All of this will help you build healthier self-esteem and live a fuller, more satisfying life.

Consult books on improving self-esteem

A good option to strengthen and improve self-esteem is to complement the tips mentioned above with bibliotherapy to learn more about self-esteem and self-knowledge. Below we show you a list with 20 books to improve self-esteem:

  1. 40 reflections to awaken your self-esteem – Feli Garcia
  2. Love yourself like your life depends on it -Kamal Ravikant
  3. Self-esteem in 10 days -David Burns
  4. Self-esteem: Evaluation and Improvement – Matthew Mckay, Patrick Fanning
  5. Self-esteem to live: How to trust yourself and achieve what you want – Hermínia Gomà
  6. Zero limits -Joe Vitale
  7. How to believe in yourself (once and for all) – Patricia Cleghorn
  8. Awakening the giant within -Anthony Robbins
  9. the power of the word -Louise Hay
  10. Fall in love with yourself: The essential value of self-esteem -Walter Riso
  11. The brain and emotional intelligence – Daniel Goleman
  12. The gifts of imperfection – Brene Brown
  13. The six pillars of self esteem -Nathaniel Branden
  14. Get out of your mind, get into your life – Steven C. Hayes
  15. Be your best friend -Louis Proto
  16. Have coffee with yourself -Walter Dresel
  17. Your incorrect zones -Wayne Dyer
  18. You are worth more than you think: Believe in yourself and awaken your self-esteem – Matthew McKay, Patrick Fanning, Carole Honeychurch and Catharine Sutker
  19. A life without limits – Nick Vujicic
  20. You can heal your life -Louise Hay

This article is merely informative, at PsychologyFor we do not have the power to make a diagnosis or recommend a treatment.

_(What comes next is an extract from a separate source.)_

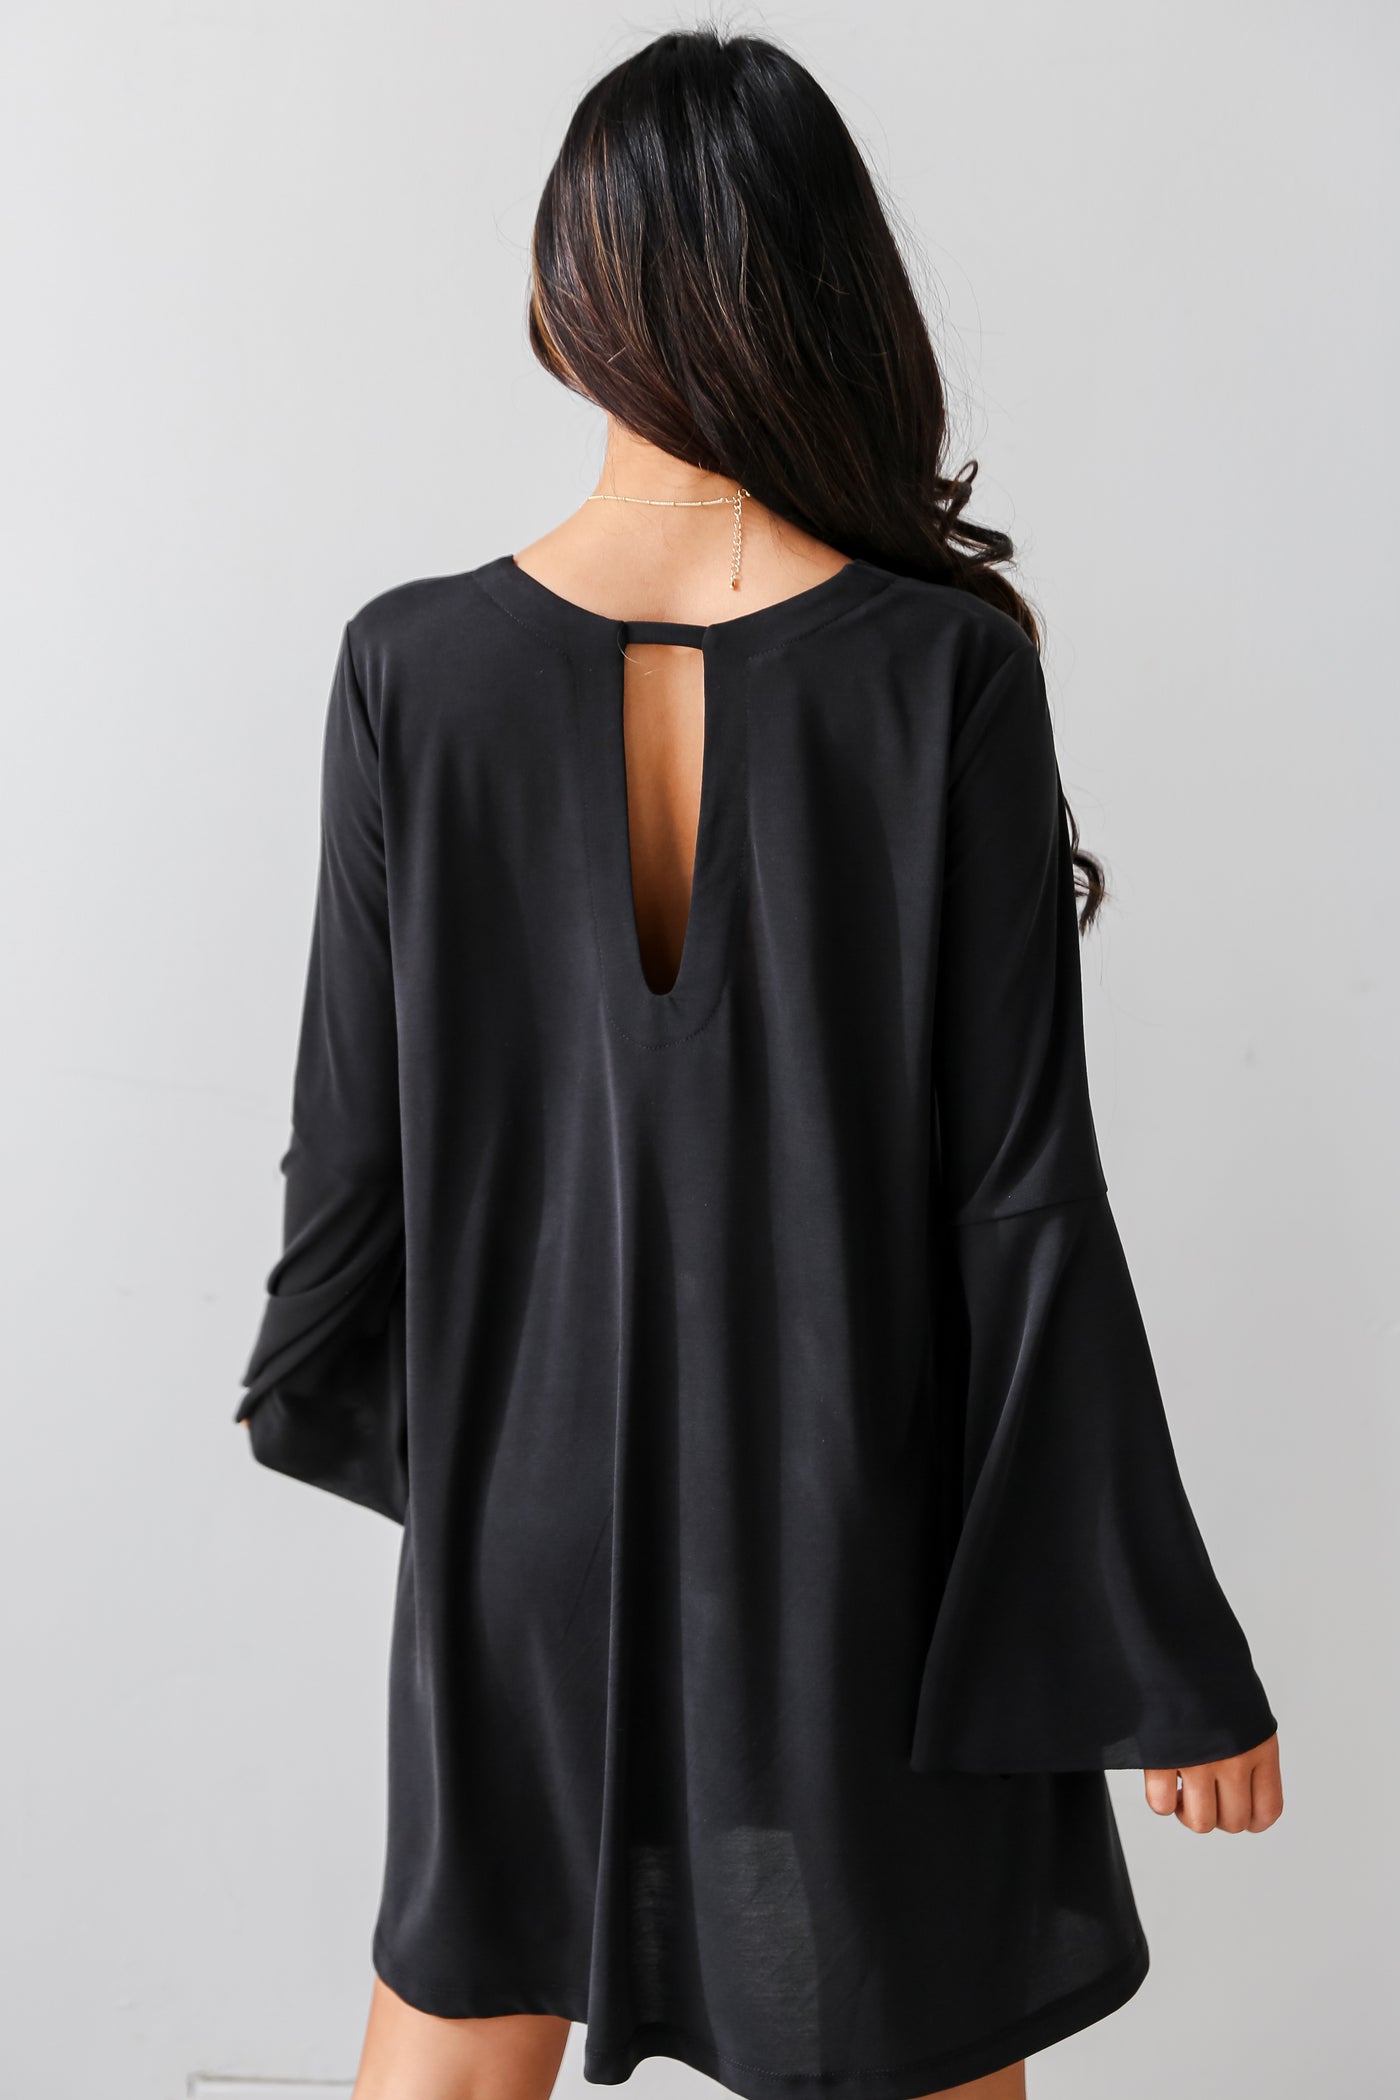 womens Black Bell Sleeve Mini Dress.  Cheap Dresses. Online cheap dresses

We invite you to go to a psychologist to treat your particular case.

If you want to read more articles similar to How to improve self-esteem we recommend that you enter our Personal Growth and Self-Help category.

Bibliography

  • Branden, N. (1995). The six pillars of self esteem. Paidós.
  • Branden, N., & Wolfson, L. (1989). How to improve your self-esteem. Paidós.
  • Polaino-Lorente, A., & Manglano, JP (2003). In search of lost self-esteem. Bilbao: Desclée de Brouwer.